I pushed myself to go faster when I knew there was nothing left to give, but surprisingly I was wrong. Desperation worked for Zeke and it worked for me as well. I ran through the door of the house only seconds behind him to nearly crash into him. He was still, looking up, as stunned as someone watching the sky fall—the moon and stars, all coming down in an impossible crash and burn. The end of days. The end of life . . . the end of his life.
“Now, now, Tweetie. Don’t look so sad. He’s not dead. I keep my promises . . . well, almost never. But this time I made an exception.”
I ignored Eli’s voice as I followed Zeke’s unwavering focus to Griffin hanging above us. His wrists were tied together and that rope wrapped several times to the wrought-iron rail of the second-floor loft. His feet hung just inches over our heads. In the low light, candlelight, I recognized without thought, I could see the purpling bruise that covered one side of his face, from temple to jaw. His shirt was ripped and bloody, but not saturated. The slashes were superficial, but the head wound, that wasn’t. Eligos was telling the truth though. Griffin was still breathing. He was alive, but unconscious. That’s why Zeke couldn’t hear him now, but would hear him again.
Absolutely goddamn would.
Zeke was growling now. It wasn’t the sound a human would make, nor an angel or demon. It was the sound of fury incarnate and Eli was a trigger pull away from being a puddle incarnate dripping off the chair he was currently sitting in. I’d looked away from Griffin and there was my least favorite demon in all his glory through the arched doorway to the right . . . having takeout on the dining room table by candlelight, which I knew he thought brought out the highlights in his hair. I was not in the mood for that or any other of his vanities.

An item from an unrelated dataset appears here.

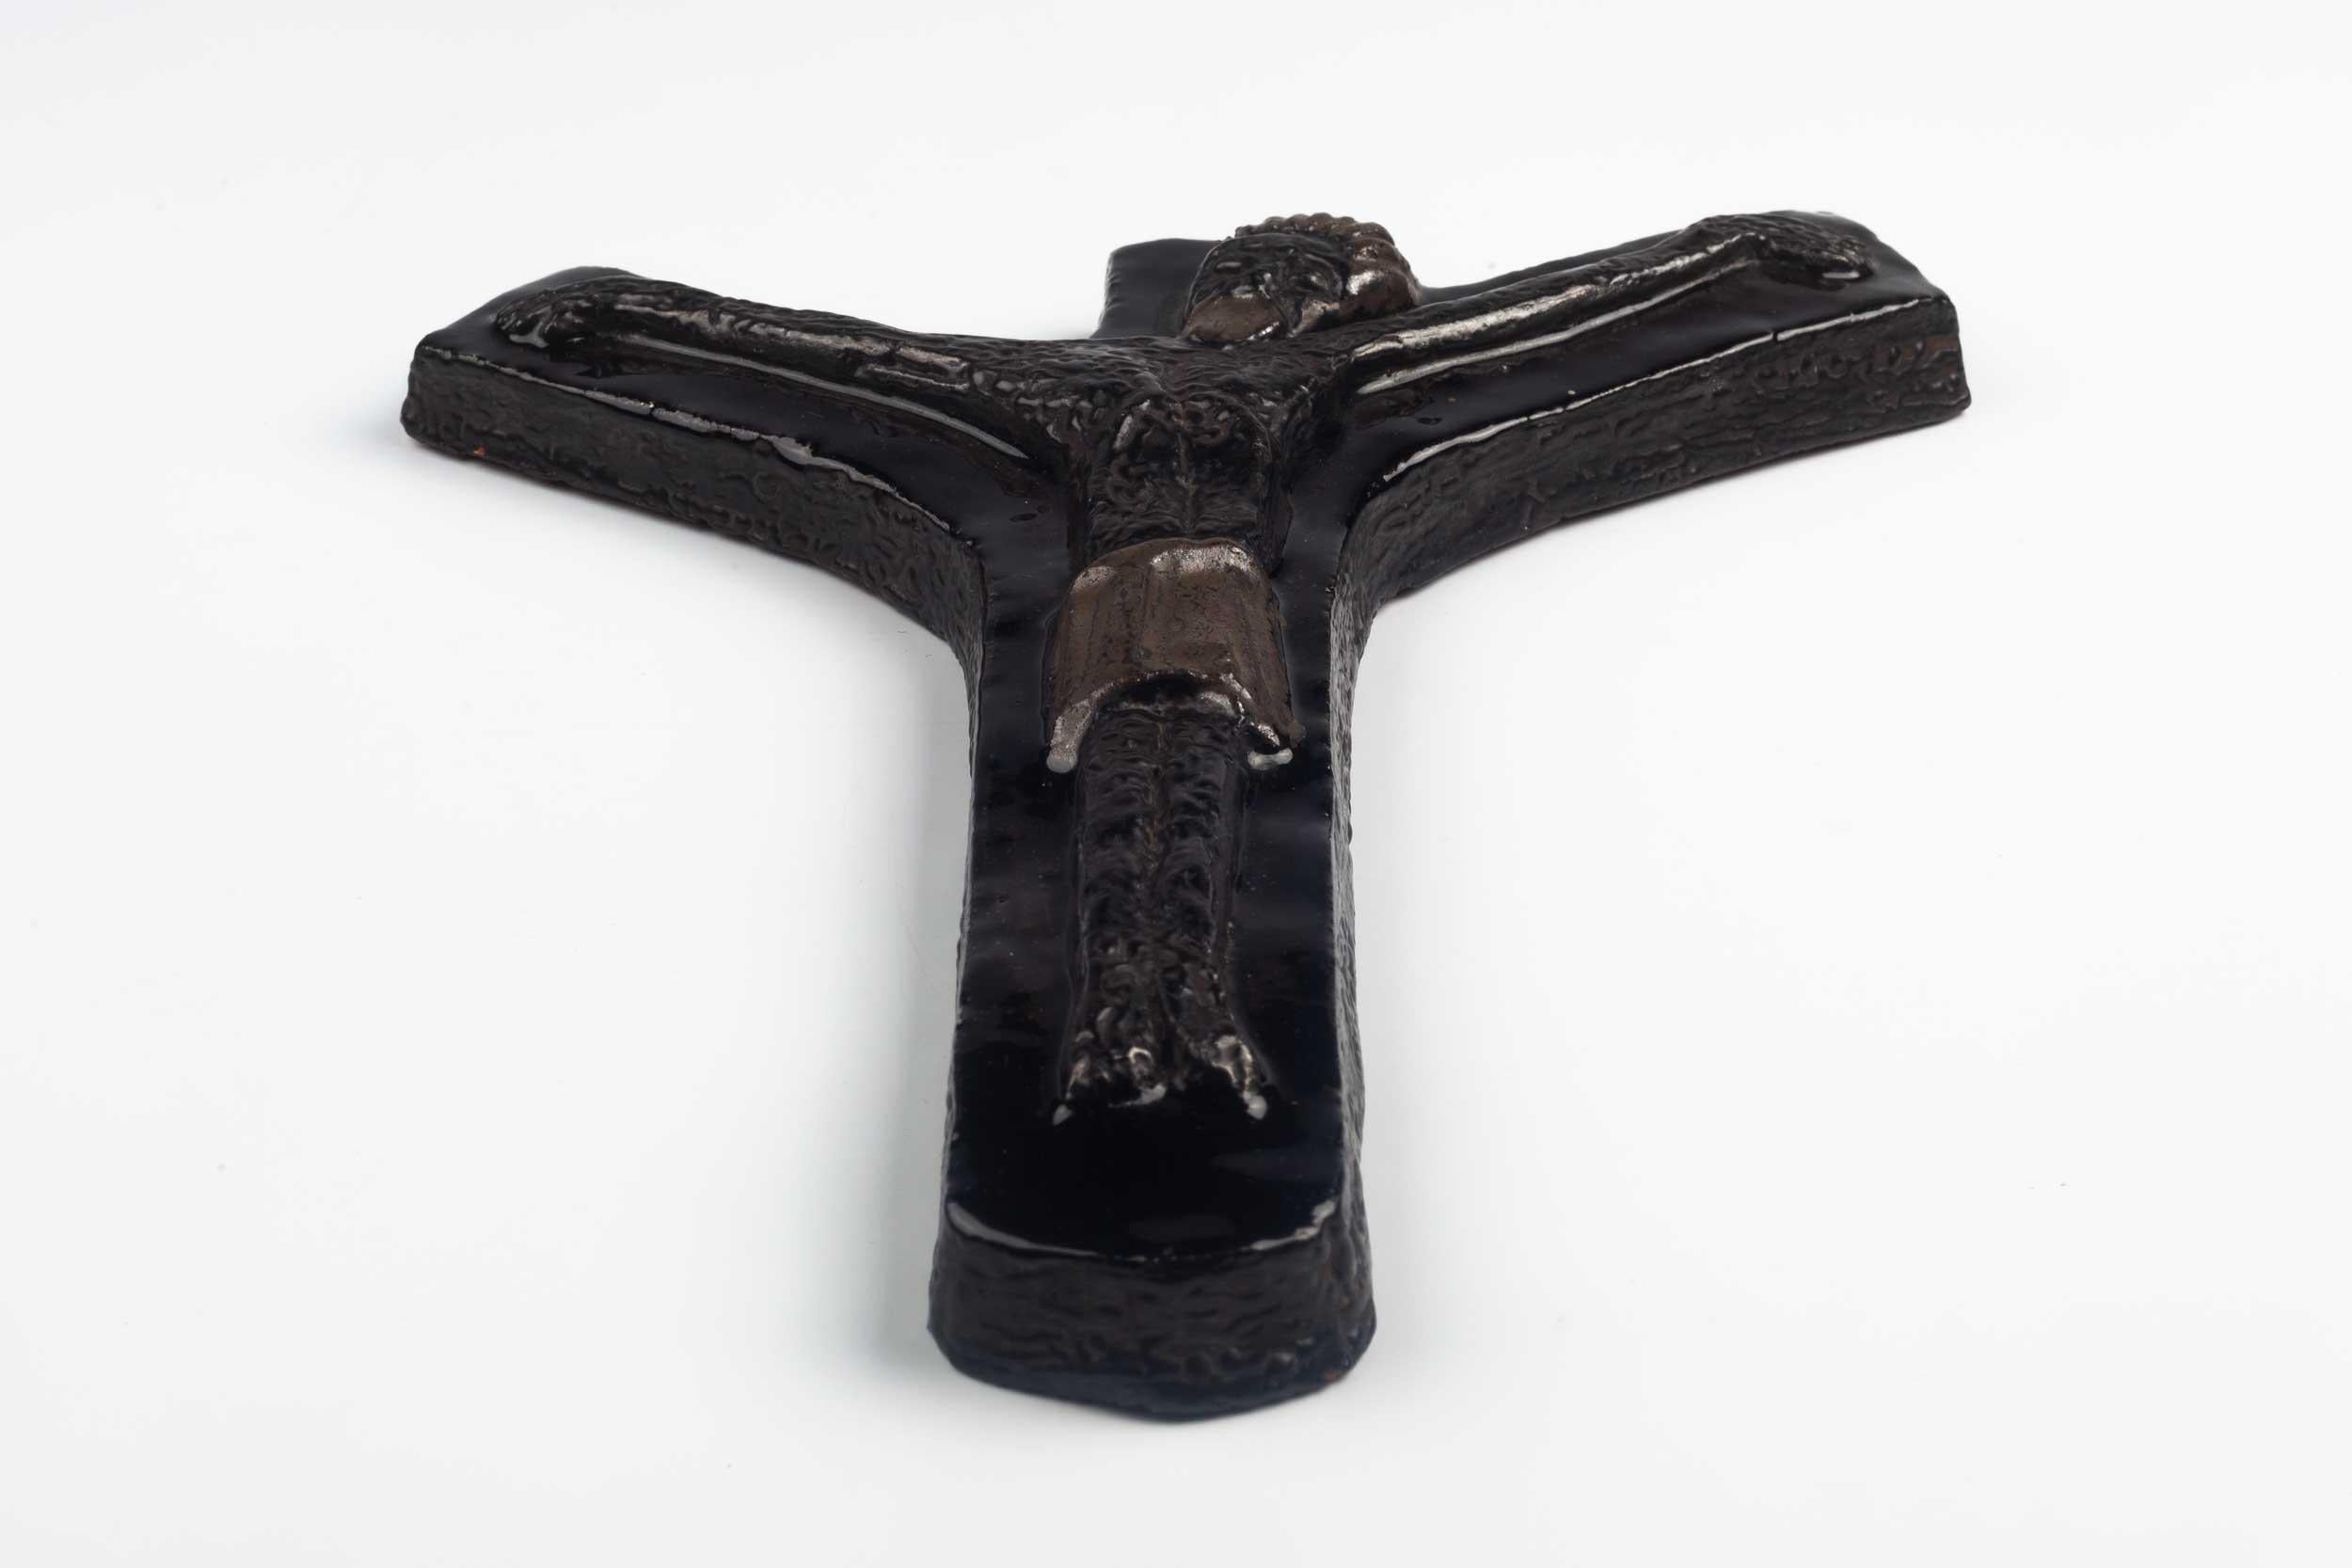 Large glossy brown ceramic wall cross, handmade in Europe in the 1960s. Asymmetrical cross shape with a figurative and textured Christ figure. A one-of-a-kind, handcrafted piece that is part of a large collection of crosses made by Belgian artisan

“It’s Thai.” He tilted the chair back and waved a fork spearing a piece of chicken. I could smell the coconut curry. “I didn’t think you were ever going to figure it out and get here. I would’ve eaten my compadres instead of wasting them to grout cleaner if I’d known you’d be so long.” That’s when I saw the pools of black on the tile floor surrounding the table—enough to have been at least ten demons.

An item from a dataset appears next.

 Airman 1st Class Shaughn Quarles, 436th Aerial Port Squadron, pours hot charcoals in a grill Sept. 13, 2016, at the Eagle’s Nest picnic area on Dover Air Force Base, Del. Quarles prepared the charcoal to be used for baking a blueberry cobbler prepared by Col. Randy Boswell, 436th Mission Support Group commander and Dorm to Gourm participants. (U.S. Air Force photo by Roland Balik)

“So who told you?” he added as he leaned back farther and forked the chicken into his mouth. I put a hand on Zeke’s wrist before he could raise his hand and pull that trigger.
“Get Griffin down, Kit,” I murmured. “We need to get him to a hospital. He’s the important thing now, not Eligos.” Zeke often couldn’t see reason or rather, he saw a reason that escaped the rest of us, but he saw the truth in what I said and was gone instantly up one side of two sets of stairs in the foyer that led up to the second floor.
“Come on, Trixa. I saved your peri from some flunkies who thought they had enough brain cells to actually have ideas and
plans
of their own.” He snorted. “Plans . . . Can you believe that? I told you I wouldn’t make a move on your pets for a year, and I went wildly above and beyond that promise to save this one from demons other than myself. I think a little reward...”
“Beelzebub,” I said, cutting him off. “We left him on Tropicana Avenue. He was mostly in one piece if you’re interested in changing that.”
“Ah.” He made a face. “You made that far too easy. You’re no fun at all,” he grumbled, dropping the fork into the Styrofoam container. “I was ready to use my wiles, the pure sex appeal that comes off me in waves. Hell, it comes off me like a damn tsunami and you go and ruin it by just giving up that piece of fucking worthless shit.”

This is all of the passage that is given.